As Nepali months of Poush and Magh are off-season for usual agricultural activity, they are most preferred time for purchasing and selling of the lands and real estate. Hence, Timalsina considers it to be too early to determine that the rises are due to the actual recovery of the realty. “Nevertheless, we not just met but exceeded our target of Rs 405.58 millions by collecting Rs 416.56 millions, making the total collection surpass the estimation by additional two per cent,” he shares.

The Department of Land Reform and Management has already achieved 73.81 per cent of its target set forward in revenue collection for this financial year. He adds, “Our target is that of Rs 4.40 billion and if the current trend continues, we are almost sure to meet the remaining 26 per cent easily by the end of this fiscal year.”

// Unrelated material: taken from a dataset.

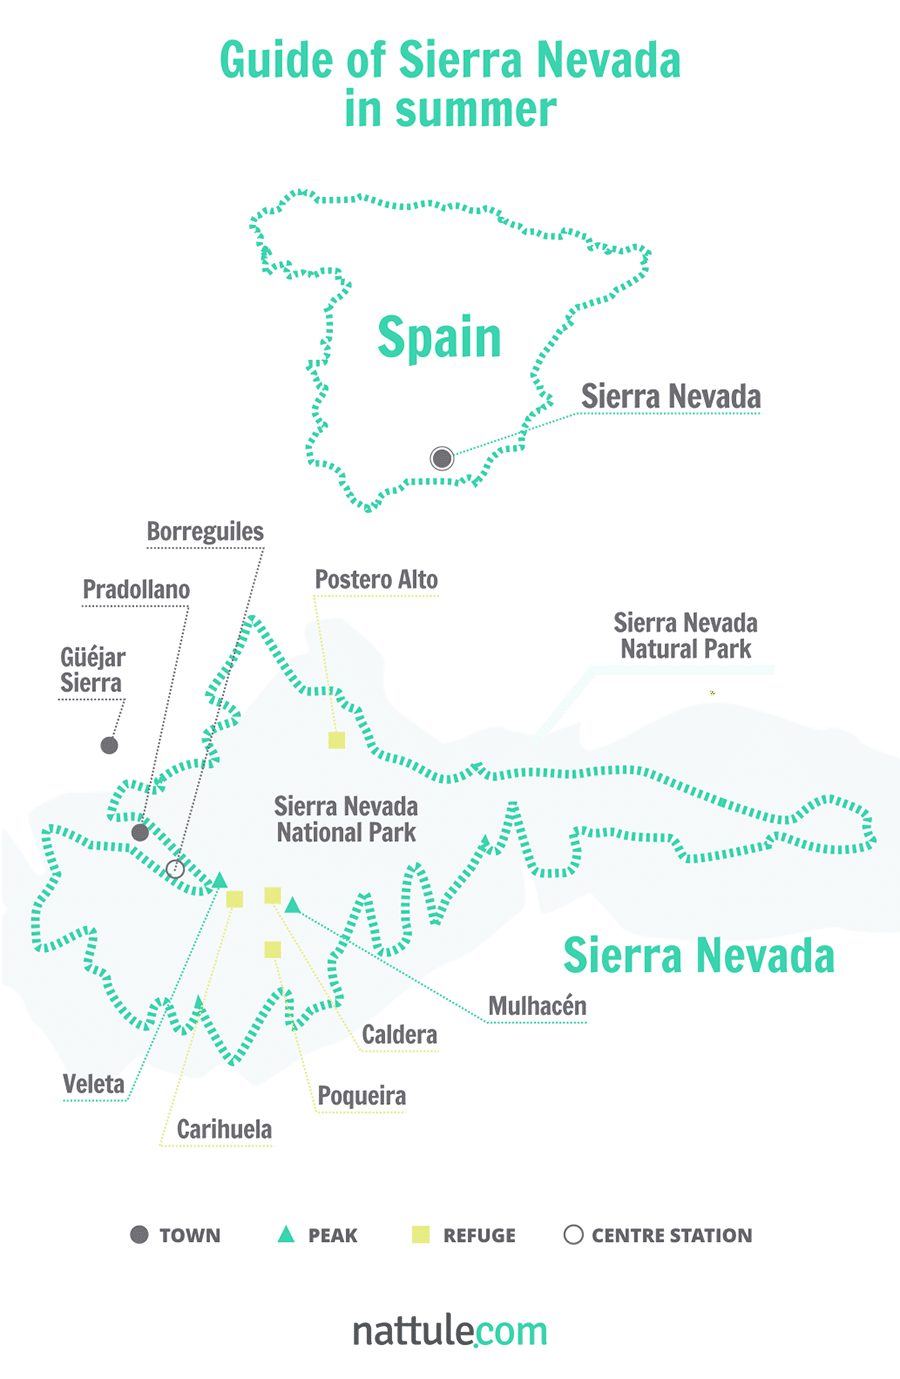 Guide of Sierra Nevada in summer

Last year’s collection on land revenues compared to the same time this year was just Rs 273.31 million, which is less by Rs 140 million. Moreover, the changes in the policies regarding disclosure of income source for transaction above Rs 10 million from previous Rs 5 million ceiling and facility for investors and Non Resident Nepalis, recovery of A-grade banks from their investments in the real estate, et cetera can be seen as the contributing factor for revival of the sector in recent months.

Dilip Neupane, vice president of the Realtors, says, “The transactions have indeed risen in last two months, but the reforms regarding house loan interest still needs to be brought forward as the investments done so far are on the small plots rather than bigger one. In addition to this, if someone had bought a piece of land at the rate of Rs 1.50 million per aana through bank loan, his cost has now been added by the bank interest and gone up to around Rs 1.80 million. Thus, this has resulted in the holding of the land by many such property owners, restricting the smooth flow of transactions.”

According to him, until the bank loan eases from its current 13 to 14 per cent and relieves such investors, the authentic appraisal of the sector is still unrealistic.

“People do not have confidence while investing in the realty as they are worried that their cash will be frozen once invested in these immobile assets. Thus, to continue this ongoing acceleration, it is very essential to revise these flaws.”

While the experts admit to the current acceleration in the realty sector, they are still sceptic about the longevity of the gained momentum. Nevertheless, if the trend continues, the realty — especially the land — could be a safe landing for the sector.